(Stored dataset items)
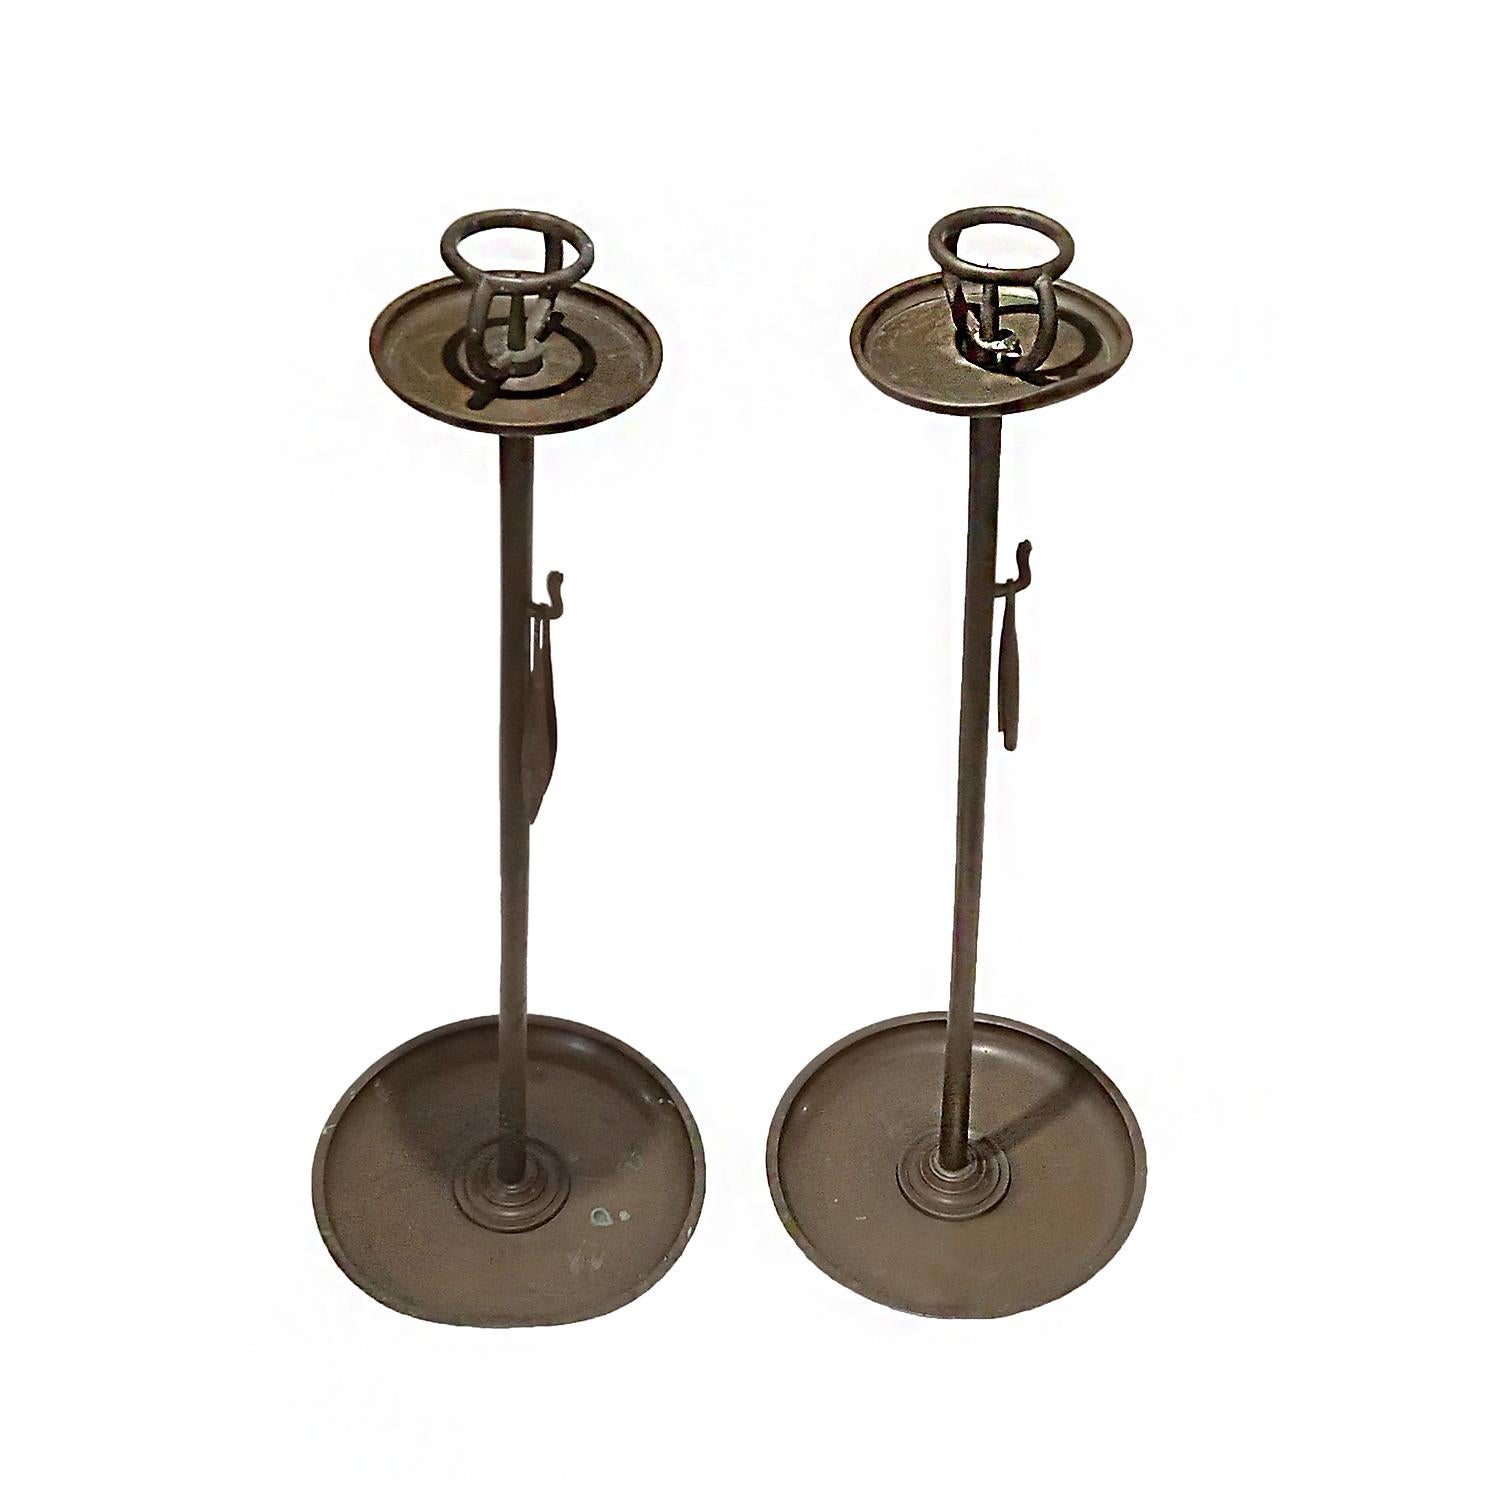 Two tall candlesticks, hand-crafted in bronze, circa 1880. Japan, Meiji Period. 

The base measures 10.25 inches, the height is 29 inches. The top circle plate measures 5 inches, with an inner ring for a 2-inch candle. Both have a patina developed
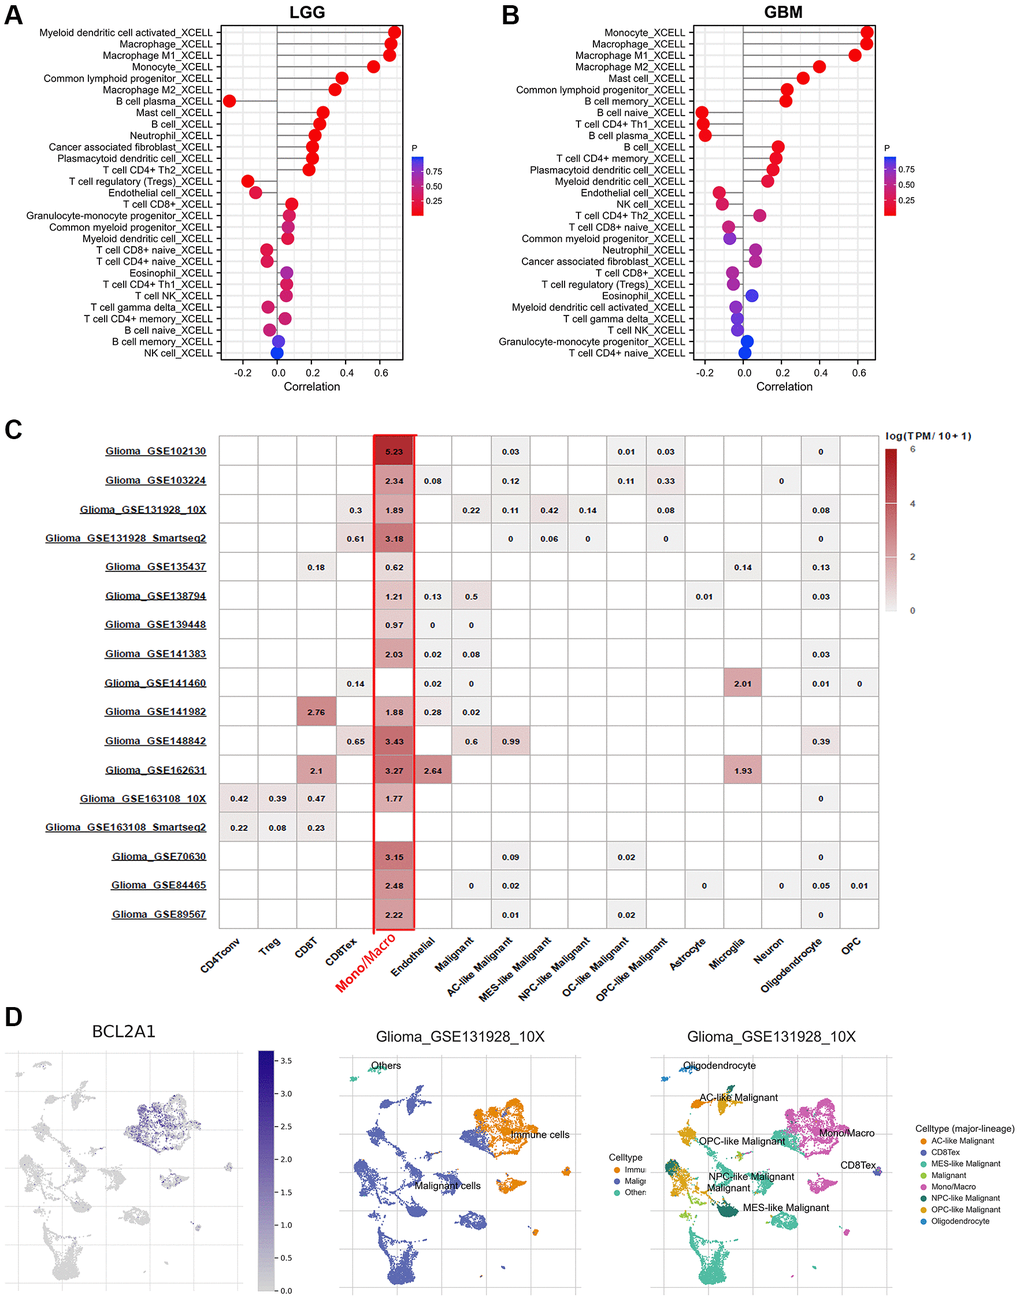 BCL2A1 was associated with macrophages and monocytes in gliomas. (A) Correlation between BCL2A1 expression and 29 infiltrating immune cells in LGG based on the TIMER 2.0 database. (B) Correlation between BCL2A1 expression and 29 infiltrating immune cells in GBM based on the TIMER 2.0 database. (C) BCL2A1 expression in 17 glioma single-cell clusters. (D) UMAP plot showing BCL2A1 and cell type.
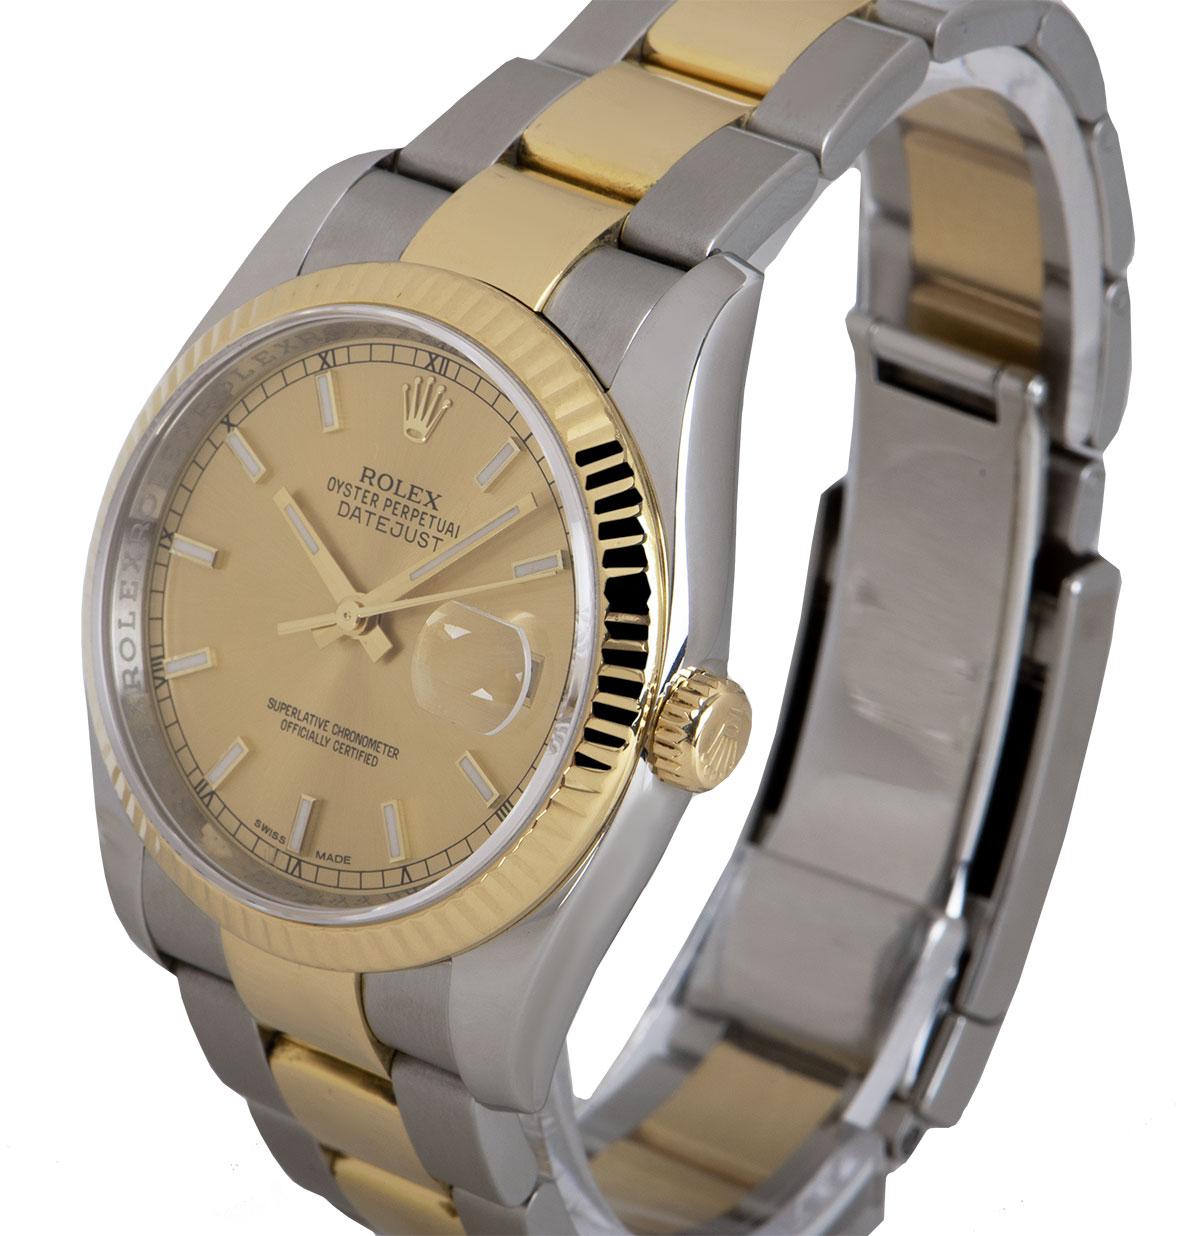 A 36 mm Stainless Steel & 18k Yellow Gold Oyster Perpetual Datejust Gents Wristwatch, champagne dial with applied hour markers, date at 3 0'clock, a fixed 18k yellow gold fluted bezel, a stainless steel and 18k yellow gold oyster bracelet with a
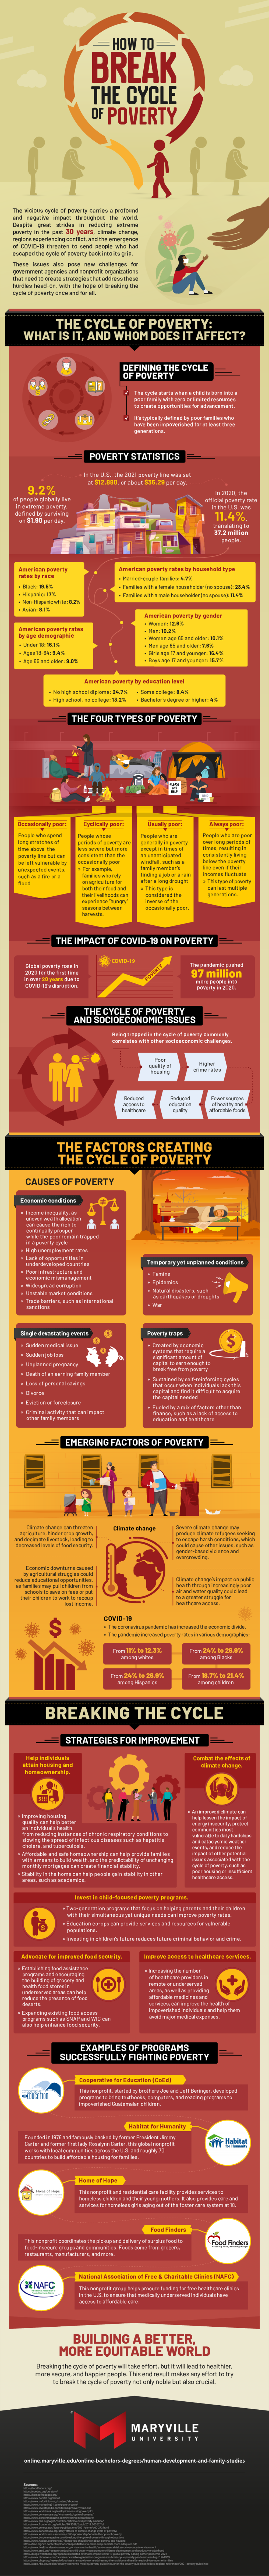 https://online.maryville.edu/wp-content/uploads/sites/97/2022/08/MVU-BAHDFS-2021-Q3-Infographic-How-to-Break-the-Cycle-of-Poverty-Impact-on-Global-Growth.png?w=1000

▸ Work to complete
Reproduce the records exactly, starting with their first line and ending with the line that contains "The base measures", though pictures should be dropped.

▸ Task response
 Two tall candlesticks, hand-crafted in bronze, circa 1880. Japan, Meiji Period. 

The base measures 10.25 inches, the height is 29 inches. The top circle plate measures 5 inches, with an inner ring for a 2-inch candle. Both have a patina developed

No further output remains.